What you should do =>
Give the listing again, word for word, and let no picture into it.

Provided material =>
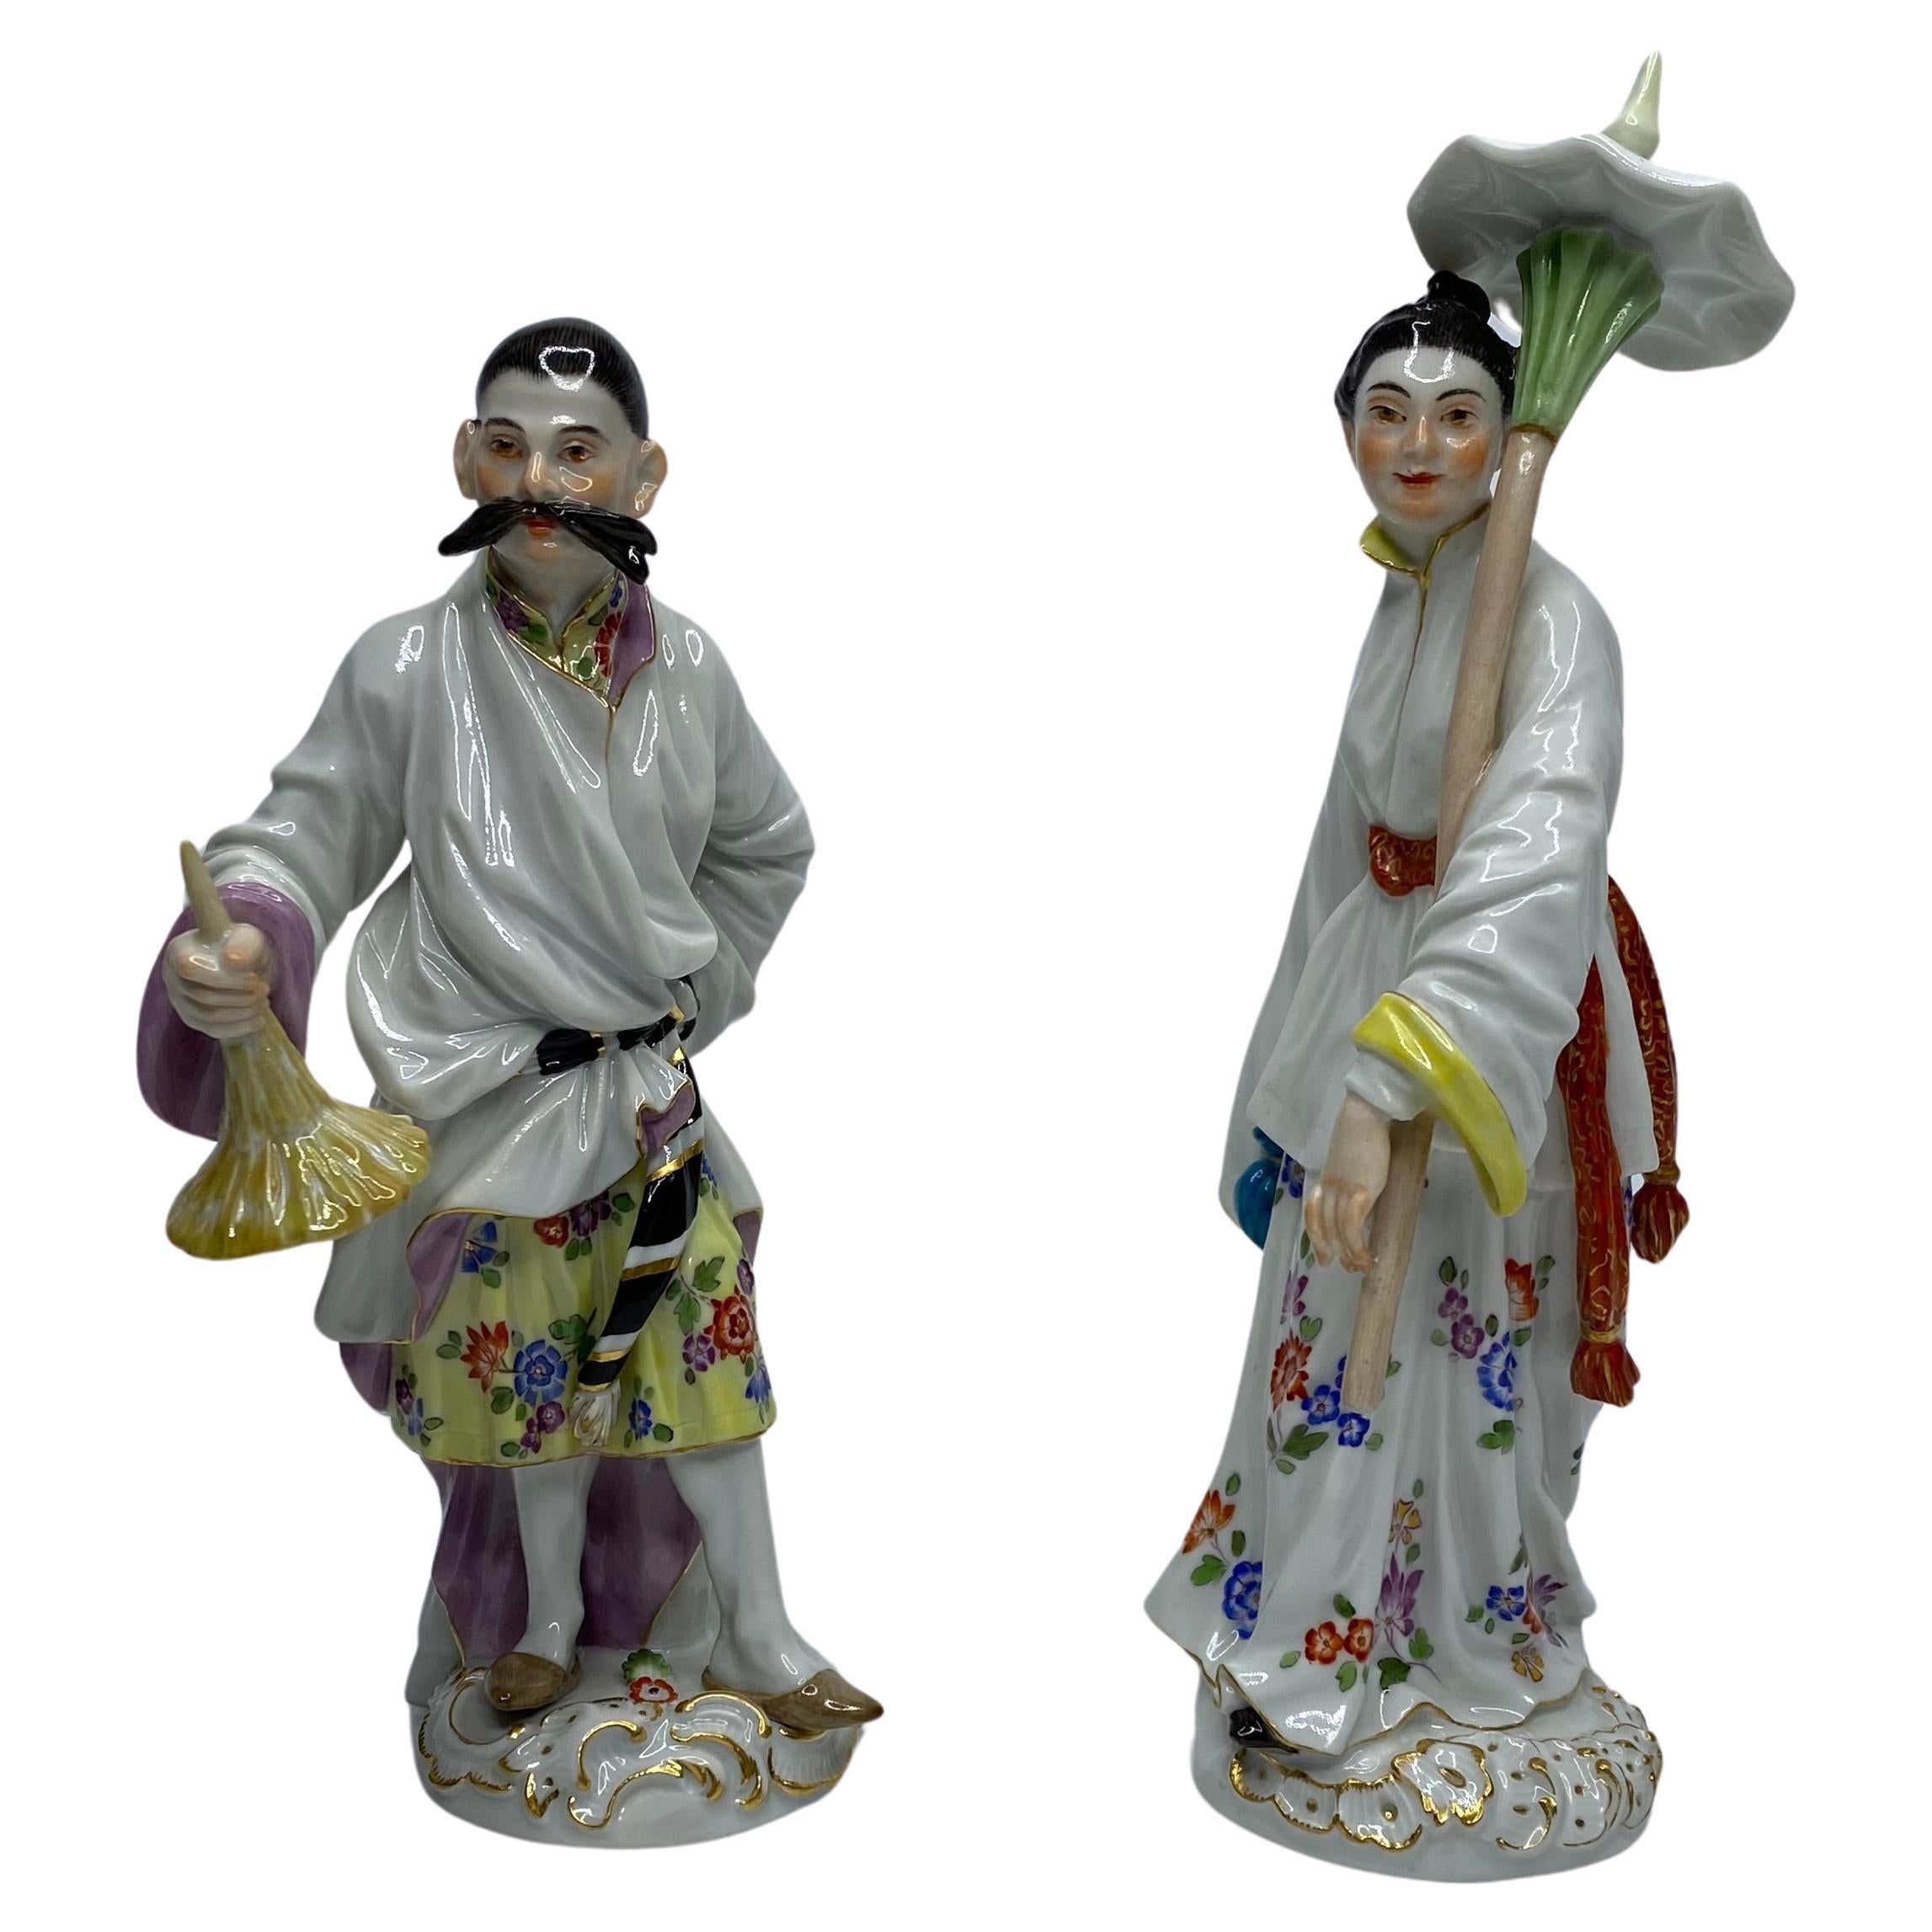 Figurines de Meissen "Couple japonais", c. 1920.
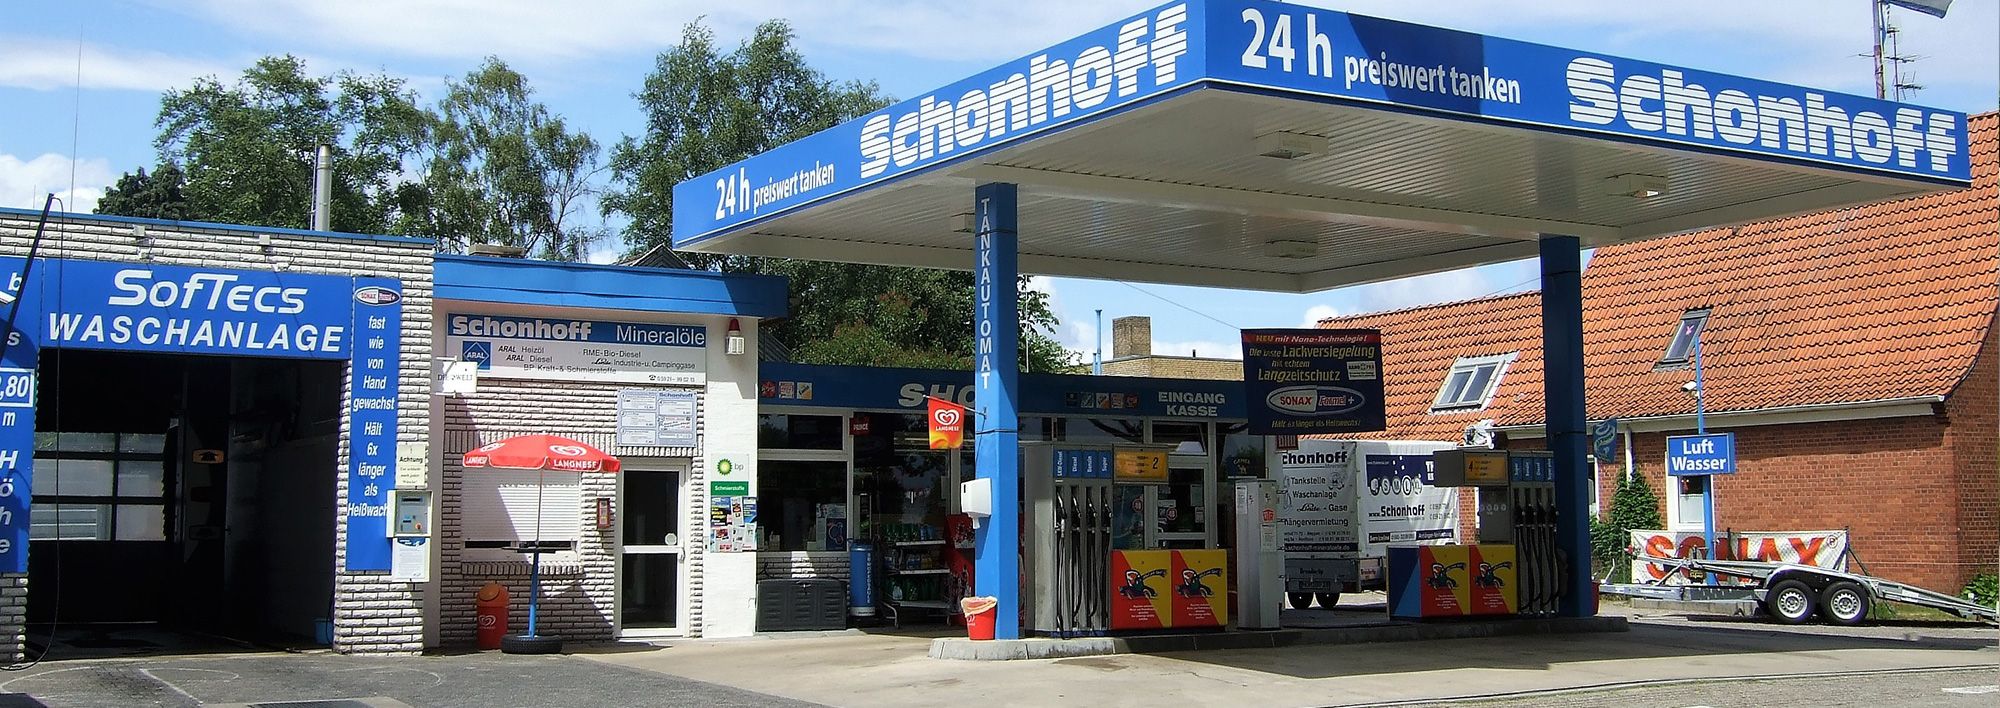 Tankstelle in Nordhorn | Schonhoff Mineralölhandel & Tankstellen GmbH
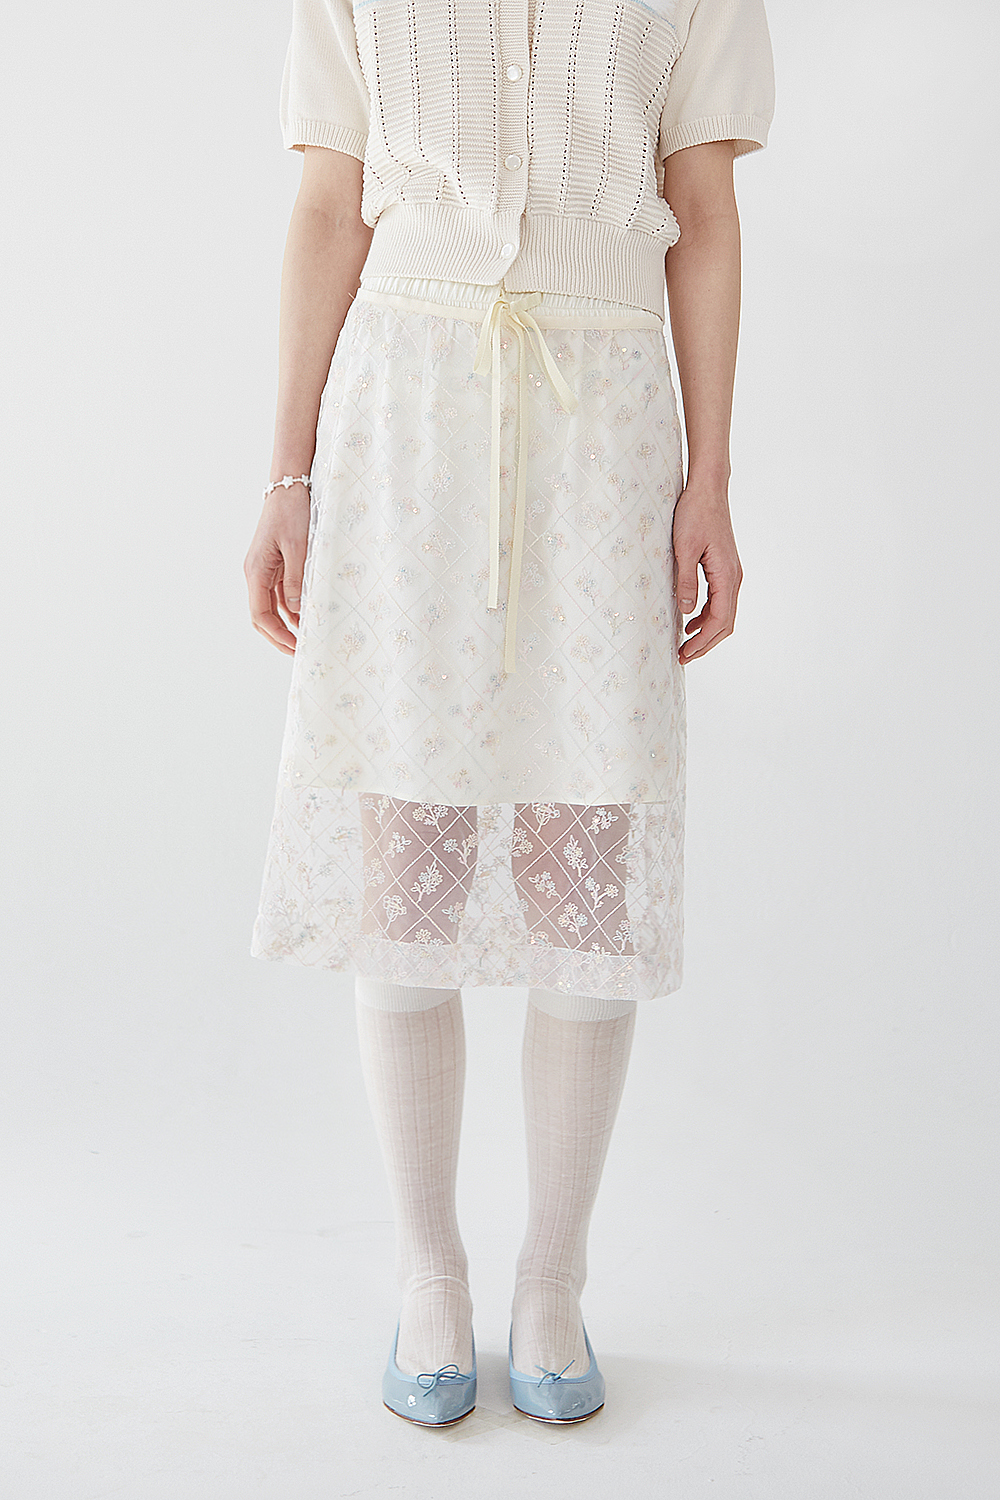 Greta layered skirt (2 ways)

Answer for this exercise =>
 Figurines de Meissen "Couple japonais", c. 1920.
 Tankstelle in Nordhorn | Schonhoff Mineralölhandel & Tankstellen GmbH
 Greta layered skirt (2 ways)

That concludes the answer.